My first response, as a Mormon, was to say, That's absurd. What does he think our missionaries are doing, if not teaching doctrine?

But then I realized: Whether we're baptized at age eight or converted as an adult, we join on the basis of scant doctrinal knowledge and then spend the rest of our lives learning to understand more and more.

Those early Christian converts had the stories of Jesus and the community of the Saints. And they were welcomed into a social network of supportive people who tried to live by the teachings of Jesus.

Stark's research shows that conversion works best when it follows existing social networks -- when conversion burns through whole families or existing groups.

We've found the same thing: People who have friends or relatives inside the Church find the transition to Church membership much easier. How many times have we been told that people who are taught the gospel in the home of a member are much more likely to join the Church -- and stay in it?

It's not the house or the furniture, folks, it's the friendship, the level of comfort and confidence.

But what about the role of the Holy Ghost in conversion?

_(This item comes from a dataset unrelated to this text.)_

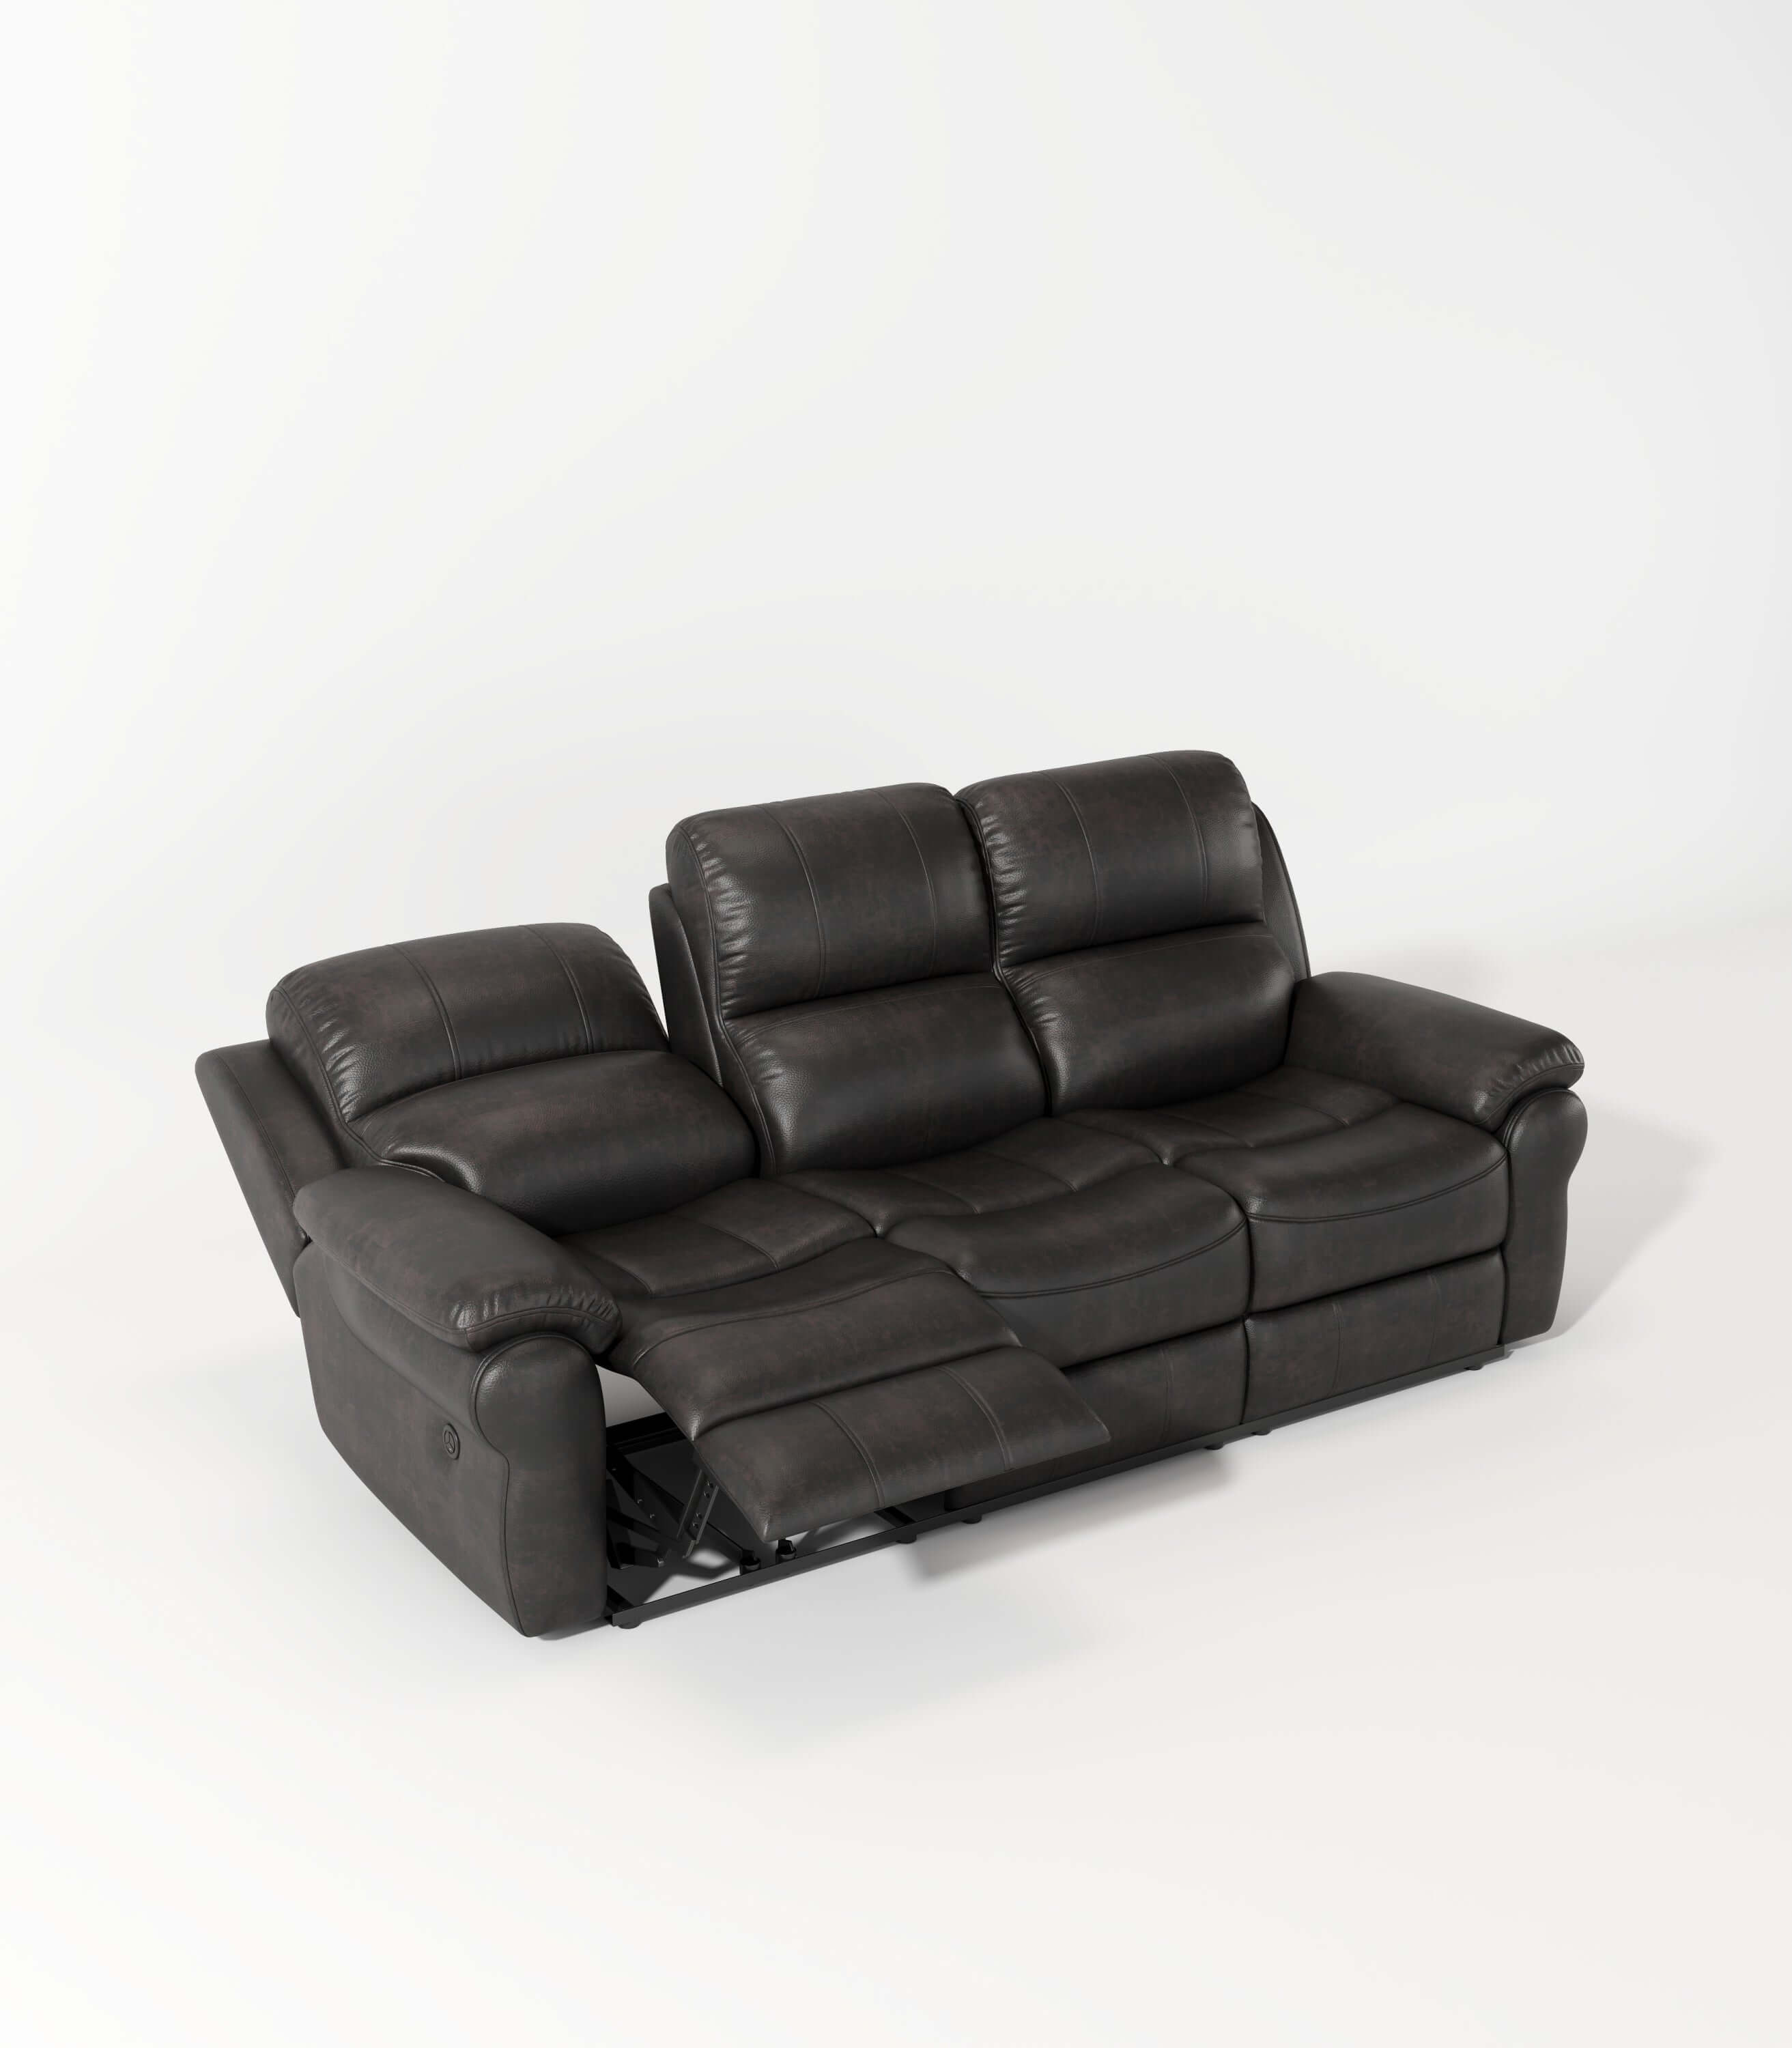 Aria Power Recliner Sofa - Espresso with Wireless Charging
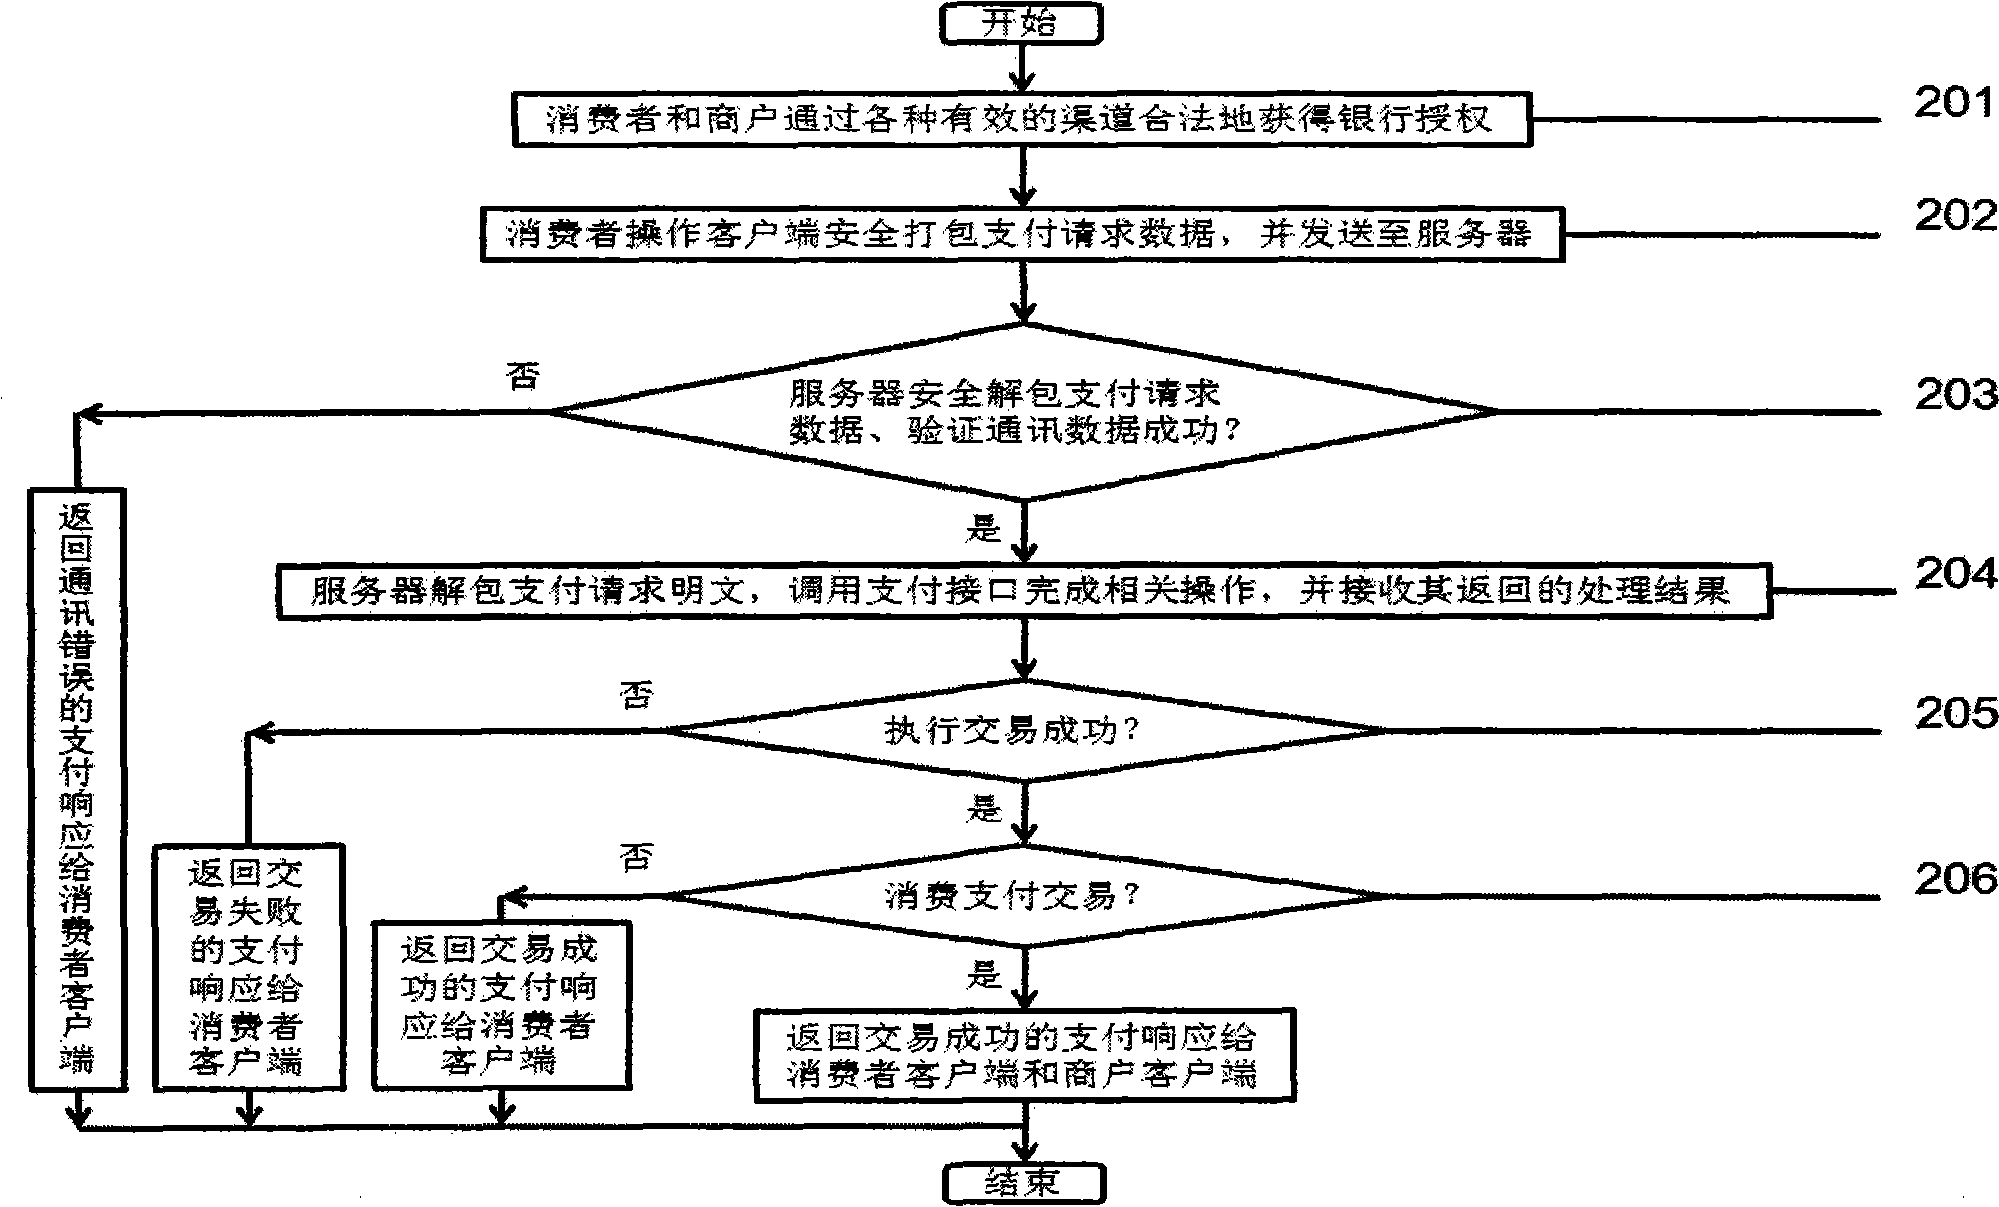 Consumer socialization zero-cash payment method and system

Nothing in Stark's analysis of conversion either denies or confirms the influence of the Spirit in conversion. It's simply not something he can measure.

Let's just remember that conversion is a complicated and ongoing process. It was not a mistake when Jesus told his disciples, "When thou art converted, strengthen thy brethren" (Luke 22:32). Conversion was treated as a future event even for his most devoted followers.

Joining the Church is only a step on the road to conversion, though we might use the terms interchangeably.

Not everyone who joins the Church encounters angels first. In fact, isn't it meant to be the other way? When Enos had his remarkable vision, hadn't he already grown up in the Church?

Even when the early Christian Church had drifted far from the doctrines and practices of the Apostolic era, individual converts could still experience the blessings of faith, hope, and charity. The community of Saints could still thrive here and there, wherever people of good will lived by gospel principles.

Our job is to teach people all they can learn and then bring them into the Church to continue learning.

We challenge them to live the most obvious commandments, so they can then spend the rest of their lives learning to obey the harder, deeper ones.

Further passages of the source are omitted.